Section Paloise (, Bearnese:  ), commonly referred to as Section  or as Pau , is a professional rugby union club based in Pau, France. They compete in the Top 14, France's top division of rugby, and the EPCR Challenge Cup.

Their home ground is the Stade du Hameau, after 80 years of playing at the  (1910-1990). The club won the Bouclier de Brennus three times in 1928, 1946 and 1964 and the European Challenge in 2000.

The club also won the Challenge Yves du Manoir in 1939, 1952 and 1997, as well as a French Pro D2 title in 2015.

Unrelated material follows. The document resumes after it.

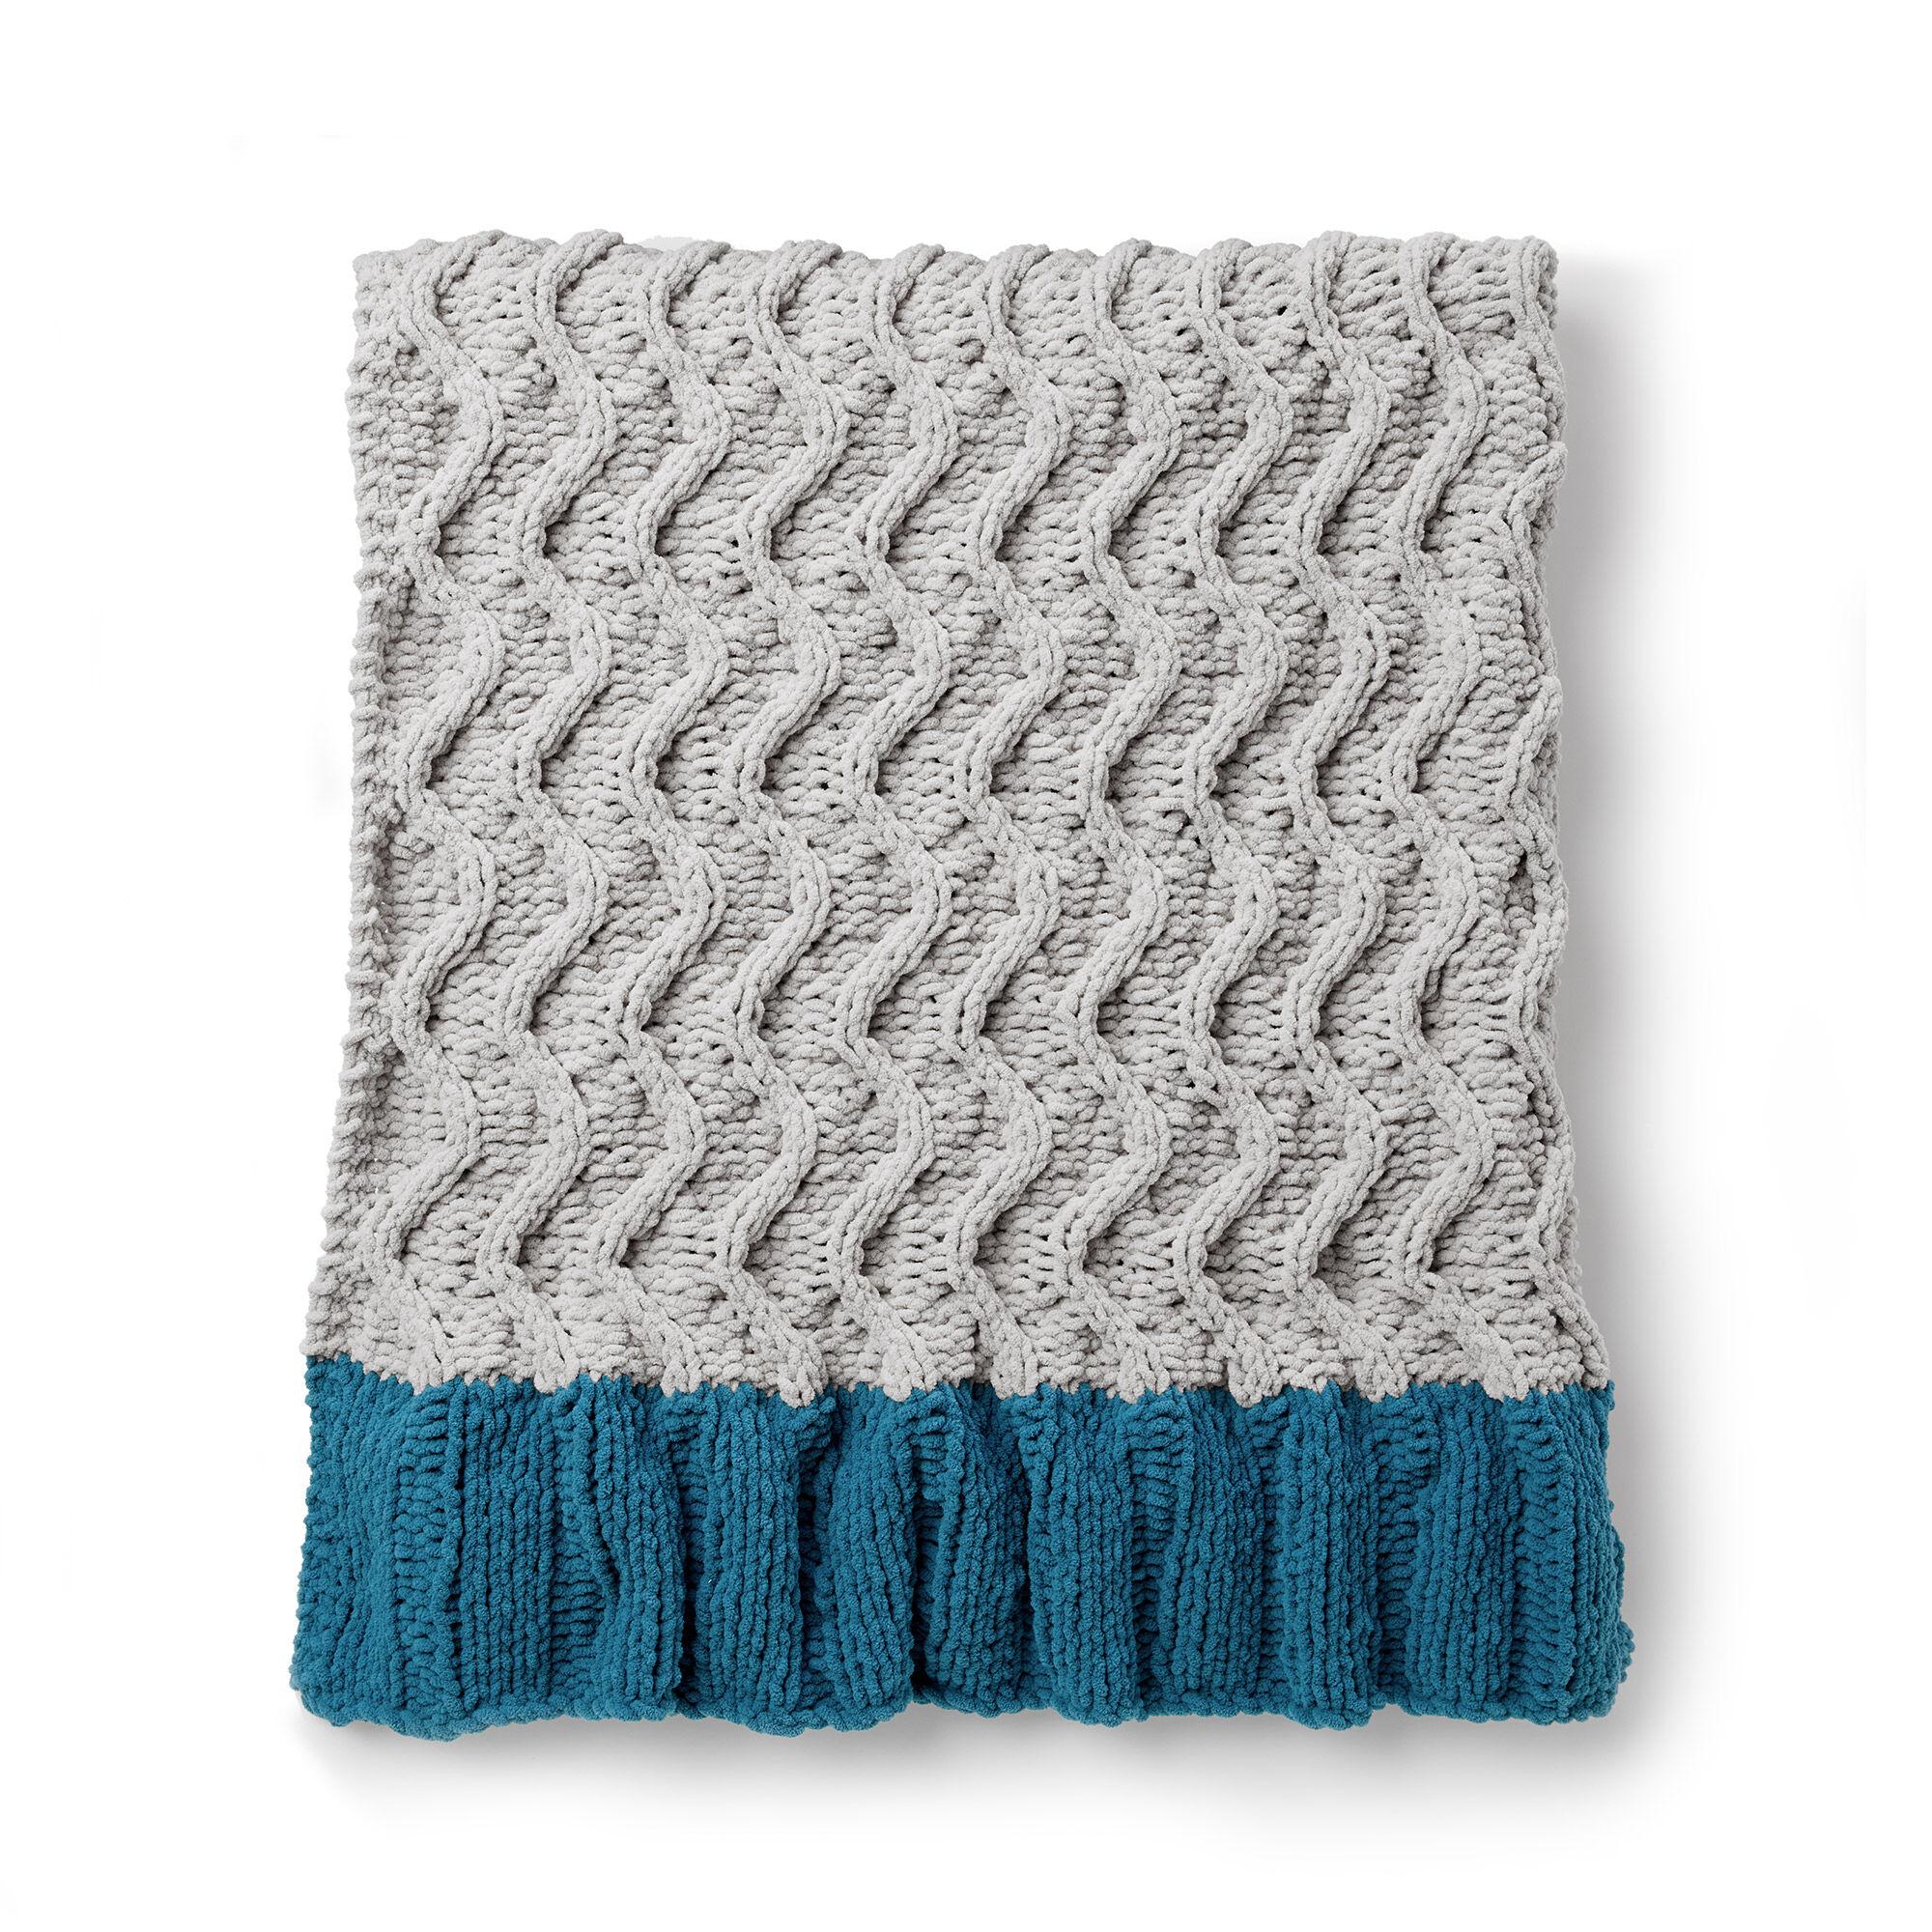 Bernat Zig-Zag Dip Knit Blanket Pattern | Yarnspirations

A stronghold of French rugby, the club has become a symbol of Béarn culture and heritage. The official Section Paloise anthem is the Honhada, since March 2012.  The lyrics of the song were composed on the air of the famous Scottish ballad The water is wide.

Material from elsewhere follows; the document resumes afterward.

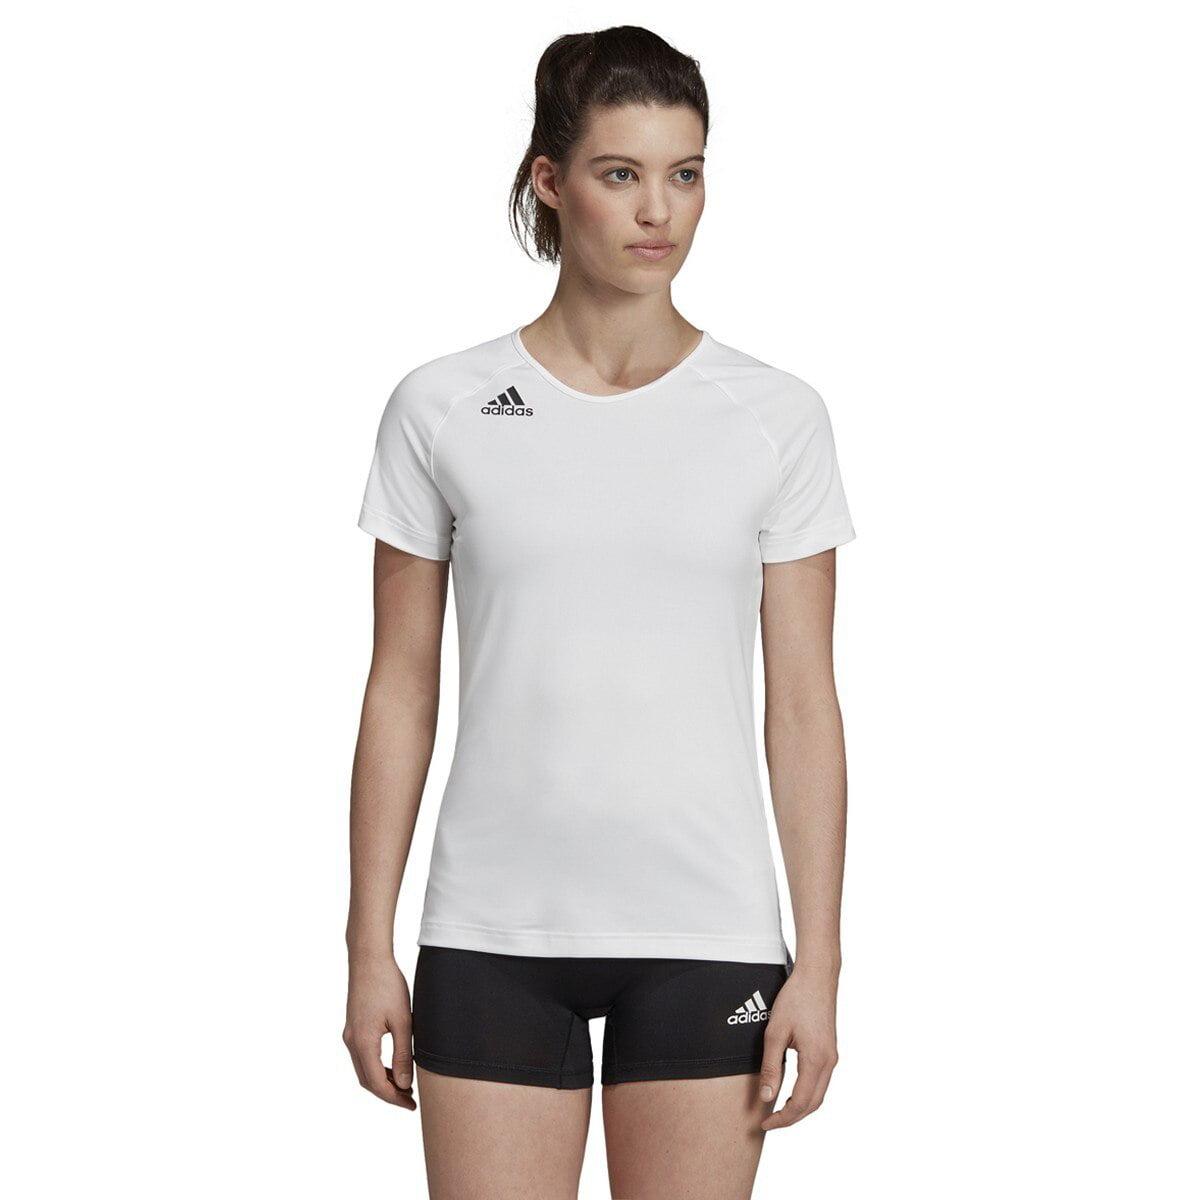 Adidas HILO Women's Short Sleeve Volleyball Jersey DP4343 - White, Black

Section are sponsored by French petroleum company TotalEnergies.

Recent France internationals Imanol Harinordoquy, Damien Traille, and Lionel Beauxis began their professional club careers with Section.

History

Rugby in Pau and Béarn 
After Le Havre and Bordeaux, Pau was the third major provincial French city to host rugby. As a matter of fact, the sport's presence has been attested since 1890 by the Coquelicots de Pau (Poppies of Pau), playing matches against the neighbouring teams of the Montagnards de Bayonne (Mountaineers of Bayonne) and the Pyrénéenne de Tarbes.

Stade Palois was founded in 1899 by former students of the Lous-Barthou high school, who were imbued with Anglophilia, in vogue in Pau during the Belle Epoque.

Beginnings and first title (1902 - 1939) 

Founded in April 1902, the Section paloise de ligue girondine is an all-round sports club in Pau. Since 1905, it is simply called Section paloise. At that time, rugby or "rugby football" was hugely popular. The club was first established as a Barette (sport) team, yet the club very quickly turned towards this new sport of rugby union. A rugby club had already been formed on November 12, 1899, since the Stade palois, had been founded in café on rue Bayard. The Stade Palois was thus integrated into Section to form the dominant club in bearnese rugby. In 1912, Section Paloise abandoned its blue and black jerseys, in order to definitively adopt green and white as its colours. The club was then led by Welshman Tom Potter, who took on the role of player-coach until the outbreak of the Great War. The club (all sports combined) paid a heavy price, with around forty deaths on the battlefields.

During the 1927-1928 season, the first team won the title of Côte Basque champion for the second consecutive year. Subsequently, it finished first in its pool of 5 in the French championship. In the following groups of 4, it defeated Stade Français, USA Perpignan and Lyon OU as well as the defending champions Stade Toulousain in the semi-final by 3-0 after extra time (1 try at zero).

Section paloise won the final by beating Quillan 6-4 in Toulouse in May 1928. That day the local newspaper, Le Patriote, reported that the "berets" beat the "hats".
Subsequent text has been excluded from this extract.